* WHAT YOU HAVE TO DO
Print the line containing "Unidentified man cuts" and each line after it through the end of the material below, exactly as it appears, but skip the pictures.

* INFORMATION PROVIDED
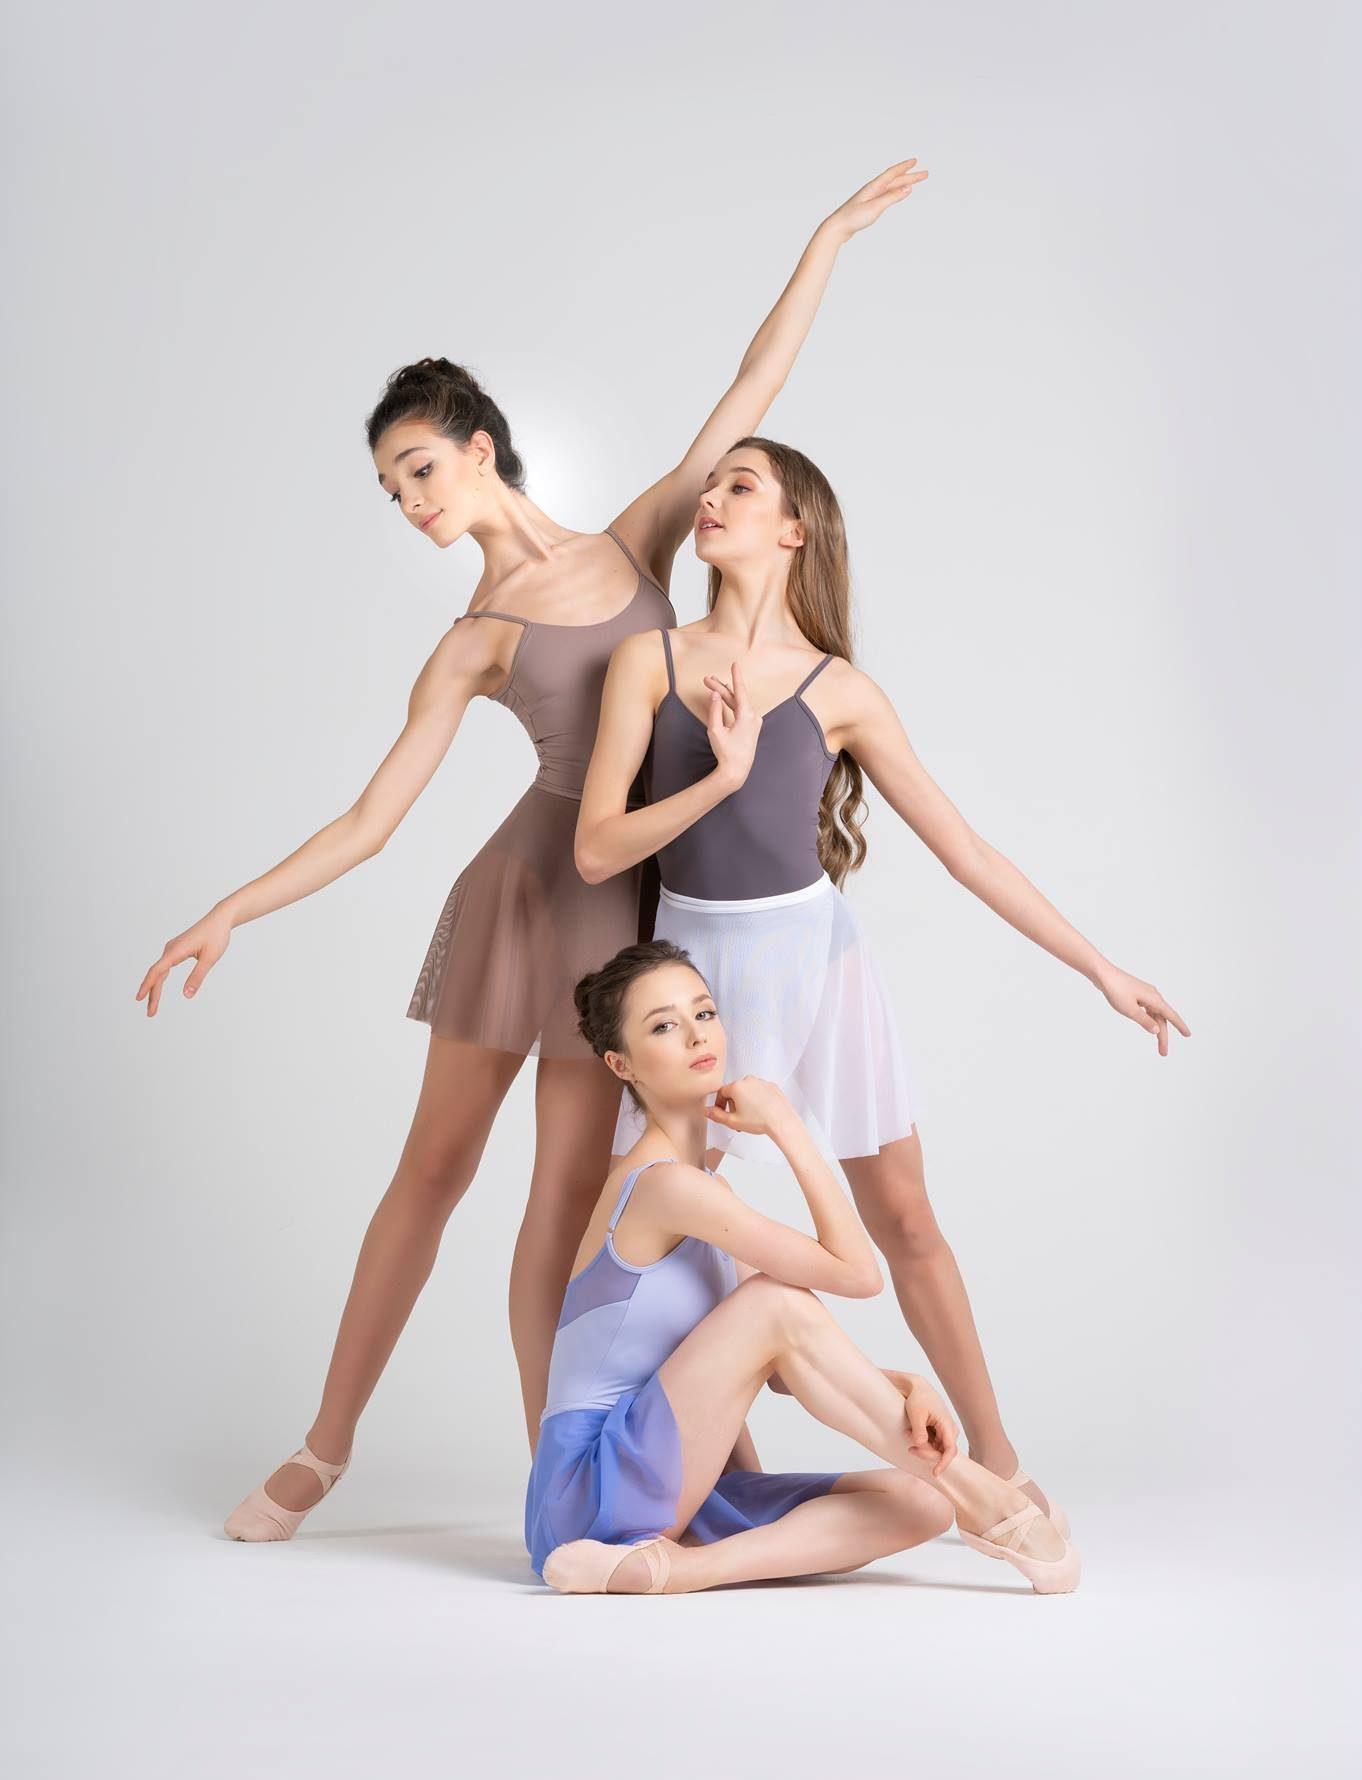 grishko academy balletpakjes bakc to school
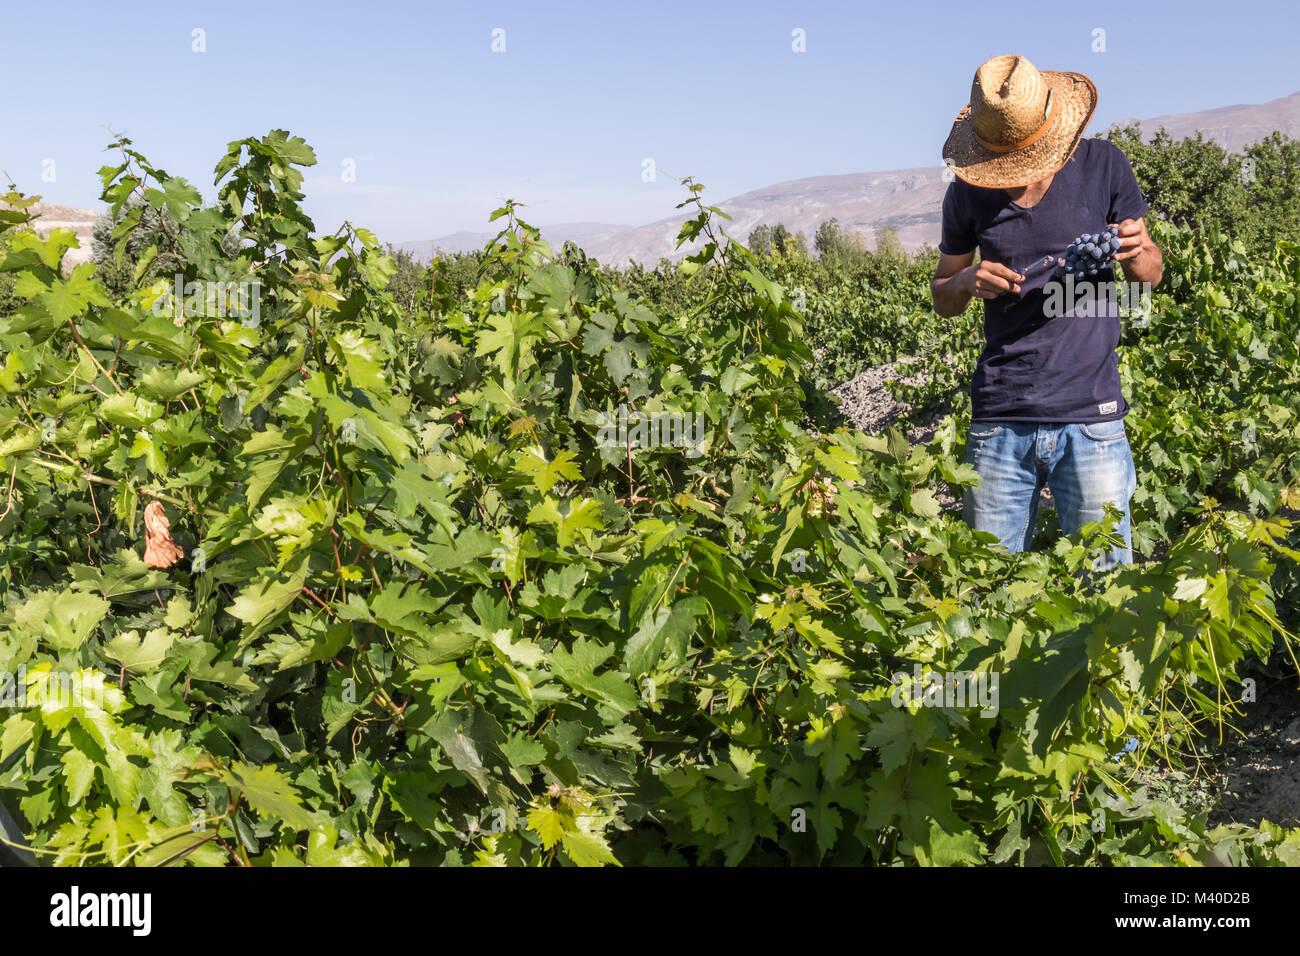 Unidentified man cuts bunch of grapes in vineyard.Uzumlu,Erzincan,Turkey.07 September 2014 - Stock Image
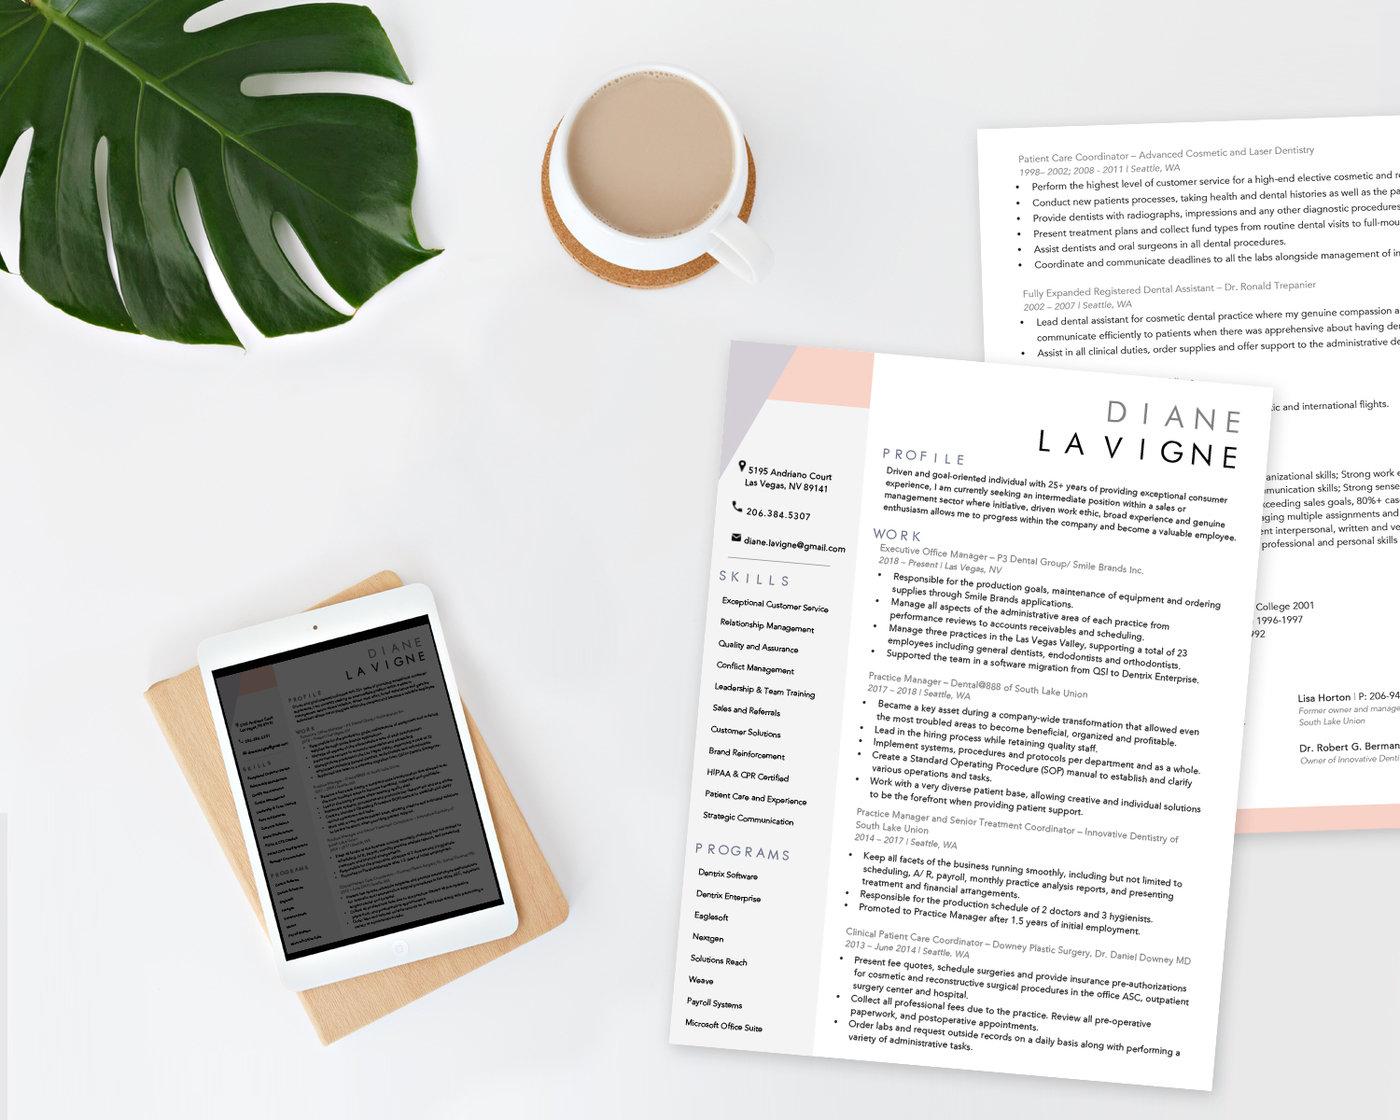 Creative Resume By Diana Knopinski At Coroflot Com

* COMPLETED TASK
 Unidentified man cuts bunch of grapes in vineyard.Uzumlu,Erzincan,Turkey.07 September 2014 - Stock Image
 Creative Resume By Diana Knopinski At Coroflot Com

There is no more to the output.